São Paulo – Tunisia has access to 48.3% of the needed annual climate financing. Egypt has 35.8% of the funding. Compared to other North African countries, they have more significant financing flows for climate growth, according to a report released by the African Development Bank (AFDB), TAP state news agency said.
North Africa needs USD280 billion between 2020 and 2030 to support its transition towards a low-carbon and climate resilient economy. Pictured, plastic waste collected from the Nile River in Egypt, as part of an event to raise awareness on pollution.
The report mentions disparities between the region’s countries: Tunisia with 48.3% of the needed annual funding and Mauritania with 2.2% of its needs to meet its Nationally Determined Contributions (NDCs). NDCs are countries’ self-defined national climate pledges under the Paris Agreement.

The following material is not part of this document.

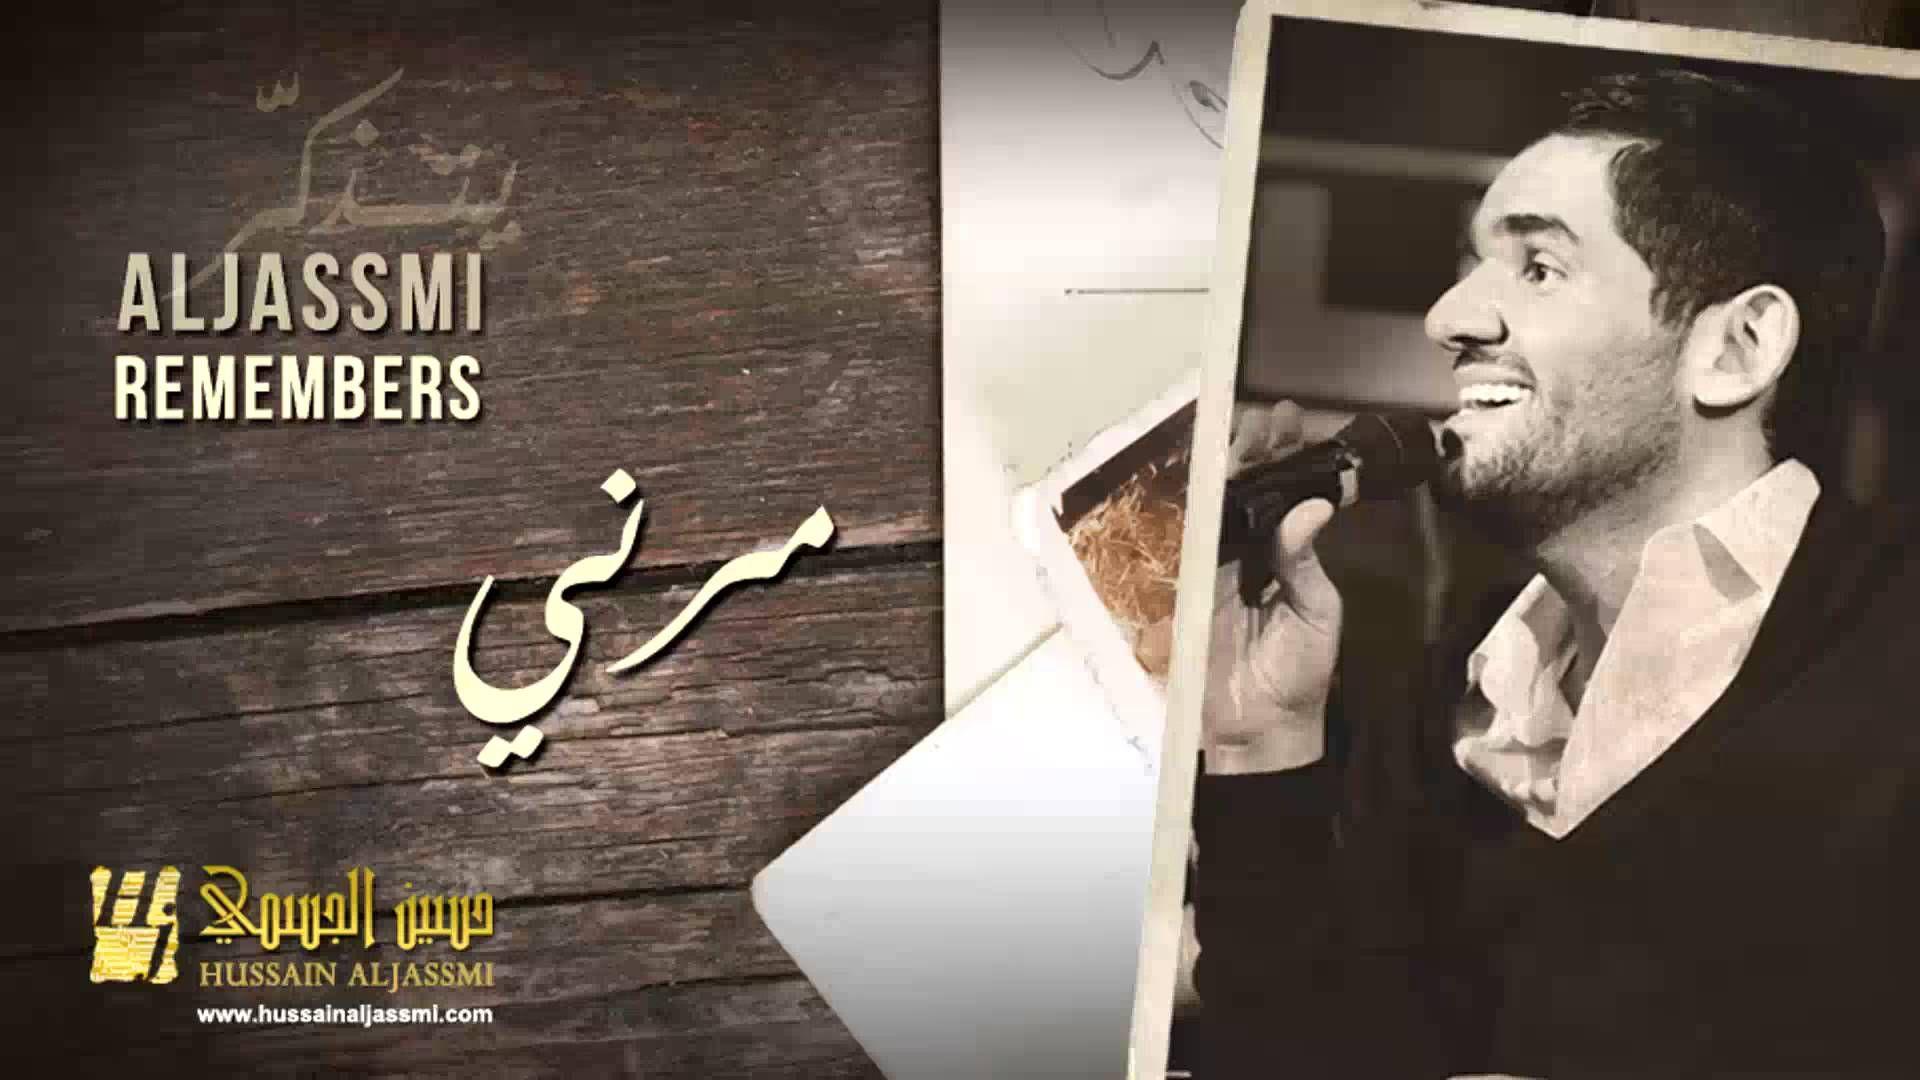 حسين الجسمي مرني

A gap is likewise seen between absolute needs of these countries and actual financing flows. Except for Libya, the public sector and bilateral donors are the main sources of climate financing in North Africa, that is about 80% of total flows, AFDB highlighted.
Priority sectors for climate finance mainly include renewables, transport, agriculture and water management. Financing flows in each country vary by sector, though. Tunisia and Morocco gave priority to investments in renewable energies and energy efficiency while Algeria and Mauritania focused on sustainable agriculture, the bank said.